Sharon Rose aka NeedleGirl sent me some of her handspun and some nummy chocolate in return for my making her socks out of the Araucania yarn. I'll have to find a fun pattern to do the tops. She's promised me a ride in one of her Austin taxis when she comes in to visit Portland as well, so this will be well worth making her sockies. The yarn originally was going to go to Sock Wars but now that I've read some of the posts I'm glad I opted to drop out. So tonight I'll start searching for a pattern and take them with me tomorrow when I go out for choir practice and knitting with list buddies.

Monday, October 09, 2006

The end is coming!

I'm down to 4 rounds on the shawl. This weekend was a very productive one as I overdid it during the week and my foot is telling me I must slow down. It was while I was at work that I pushed the foot too far, fetching reports for month end. I now have a wheelchair at work (a benefit of working next to a medical equipment department) which is giving me the experience of what it's like being wheelchair bound in a walking world. It's been an eye opener. I've had to deal with my knees not letting me be as mobile as I would like to be, but this puts it in a different dimension. Try it some time for a day and see what it's like to be living below the usual level of eye contact and restricted in movement. My power knitting has given me the strength however to push myself down the long corridors. Cowabunga!!

Tuesday, October 03, 2006


How far am I on the Shelter Shawl? I'd put up a picture except that it's at the point where it's impossible to get a decent picture of it due to the number of stitches on the needle. Besides, the picture wouldn't have told you much compared to this.

The stockinette spiral section started out at 288 stitches per round. To complete it, I'm planning on doing 80 rounds. I hear you experienced knitters going tsk tsk, why doesn't she have a pattern in there instead of row upon row of dull boring stockinette? Because this is a speed knitting project and a pattern would mean I would have to devote more attention to what I am doing instead of doing the knitting while I'm doing something else. I can knit stockinette without looking at my hands. The points where the spiral increases are going in are marked with markers so I don't miss those points.

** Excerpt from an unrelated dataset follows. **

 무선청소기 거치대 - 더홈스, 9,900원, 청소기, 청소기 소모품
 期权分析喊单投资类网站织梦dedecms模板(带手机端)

So 80 rounds of stockinette. What does that mean stitchwise? It means that the final round will end up being 768 stitches. I'm at 606 stitches now. If I do a little over 1500 stitches a day, I'll have that section done in time to do the edging, which is a 12 row repeat (I'm doing it sidewise). I have 12 days of knitting left (not including the day of blocking).

What about tendonitis?

If you're a regular reader, you probably recall that I have problems at times with tendonitis in my hands. A speed knitting endeavor like this could do some major damage if not done right. But proper care and maintenance helps keep my tendons from being damaged. It's like an athlete taking care of his/her body, only in this case I'm working with just my shoulders, arms and hands. I've done enough knitting to have developed my muscles in my arms to the point where I have pretty good tone for someone who overall is in poor athletic shape. Muscular enough to scare my boss *BEG*. So far I'm doing well.